In 1966 the U.S. Department of Justice joined Armstrong v. Birmingham Board of Education as a plaintiff under the Civil Rights Act of 1964. That spring the number of black students in class with white children reached 361. By 1967 2,874 black children were enrolled at formerly white Birmingham schools. That year the courts ordered Birmingham to adopt a "freedom of choice" plan for desegregation. That requirement was reversed by a federal court in another case in favor of more expeditious plans, such as rezoning. Between 1968 and 1970 those requirements were specifically applied to Birmingham, Bessemer and Jefferson County by Judge Lynne. The systems were also ordered to reassign teachers to achieve racial integration among faculty.

Integration of neighborhood elementary schools proceeded slowly through the rest of the decade, with students from the all-black Dudley School moving into an expanded Inglenook Elementary School in 1969 and the first Black students entering Robinson Elementary School in 1970.

Beginning in 1965 separate court challenges to Bessemer City Schools and Jefferson County Schools were filed. Eight black students were enrolled at formerly all-white county schools that fall. The courts ruled in 1967 that both systems had an "affirmative duty" to integrate their schools and to insure that all schools had equal facilities, equipment and teaching materials.

Meanwhile, the 1960s saw rapid white flight from Birmingham into the over the mountain suburbs and other independent municipalities, reducing overall enrollment from 70,000 to 43,000 in 20 years while the percentage of African American students in the system rose from 50 percent to 80 percent. Judge Sam Pointer ordered the newly-created suburban systems to join with Jefferson County in a uniform desegregation plan which, in 1975, began to include cross-zone busing. Nevertheless, in 1979 Birmingham and Jefferson County schools remained among the most segregated in the United States.

When Seybourn Lynne retired in 1973 the administration of Armstrong v. Birmingham Board of Education passed to J. Foy Guin. He approved Birmingham's plan to create four new magnet schools, which were intended to maintain close to a 50-50 mix of black and white students from across the entire city. Continuing white flight resulted in an overall decline in enrollment in Birmingham schools to 47,076— of which only 24% were white.
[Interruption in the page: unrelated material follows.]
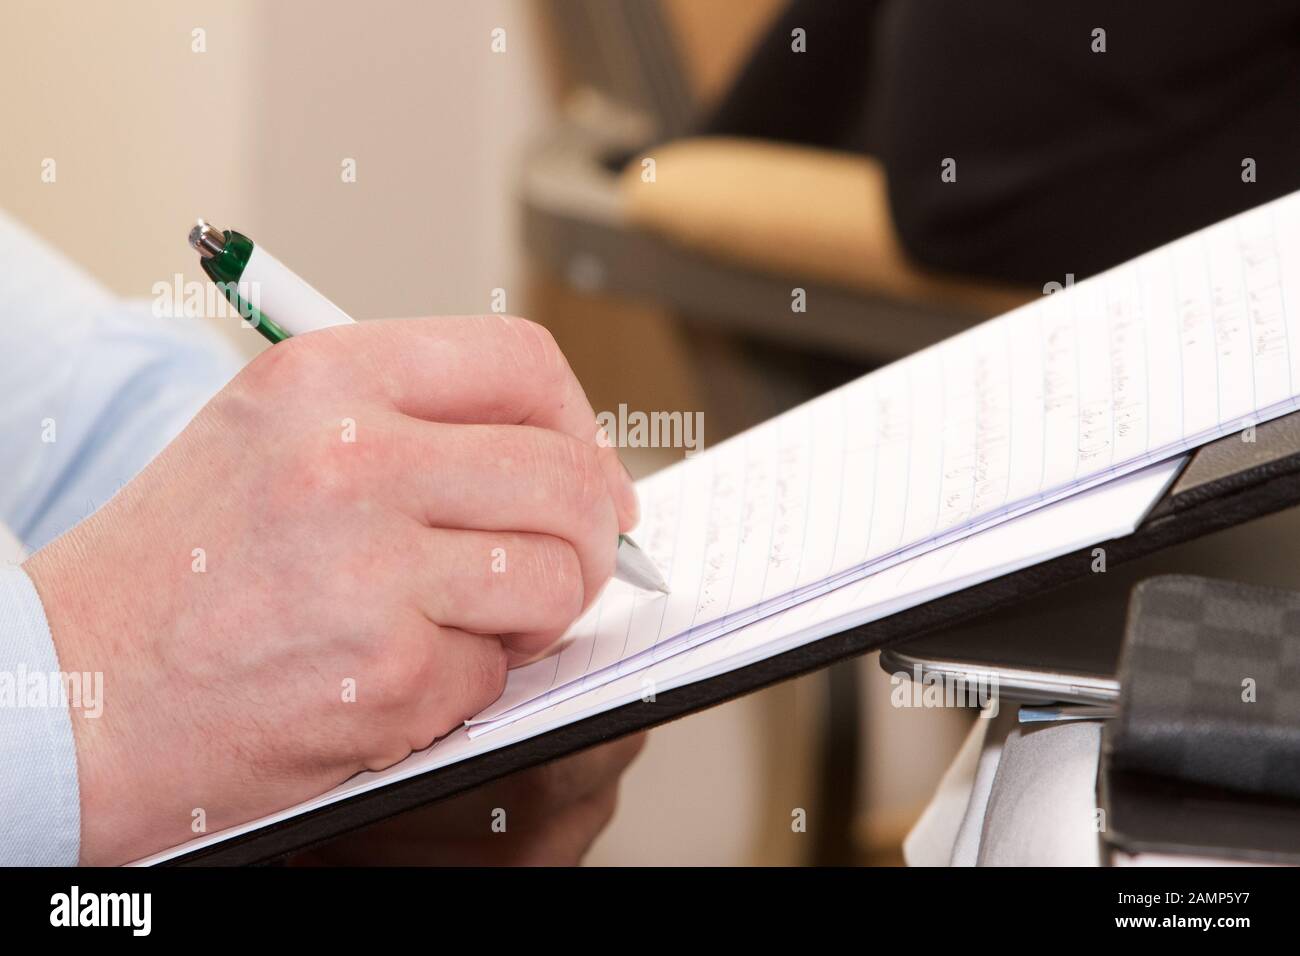 Taking notes at a business meeting or conference. Stock Photo

Guin finally dismissed Armstrong's suit on October 31, 1983. He determined that the system had demonstrated that its magnet school programs had attracted enough black students to formerly white schools to achieve "racial mix goals" and to establish a "unitary" system without forced busing.

Long-term results

The result of the immediate, massive and ongoing actions of white Alabamians across the state to resist integration of grade schools is that they remain largely divided between overwhelmingly-white and overwhelmingly-Black. And furthermore, these separate facilities remain unequal. The state's public school report-card system for 2018 identified 75 "failing" schools, and the pupils in those schools were more than 90% African-American.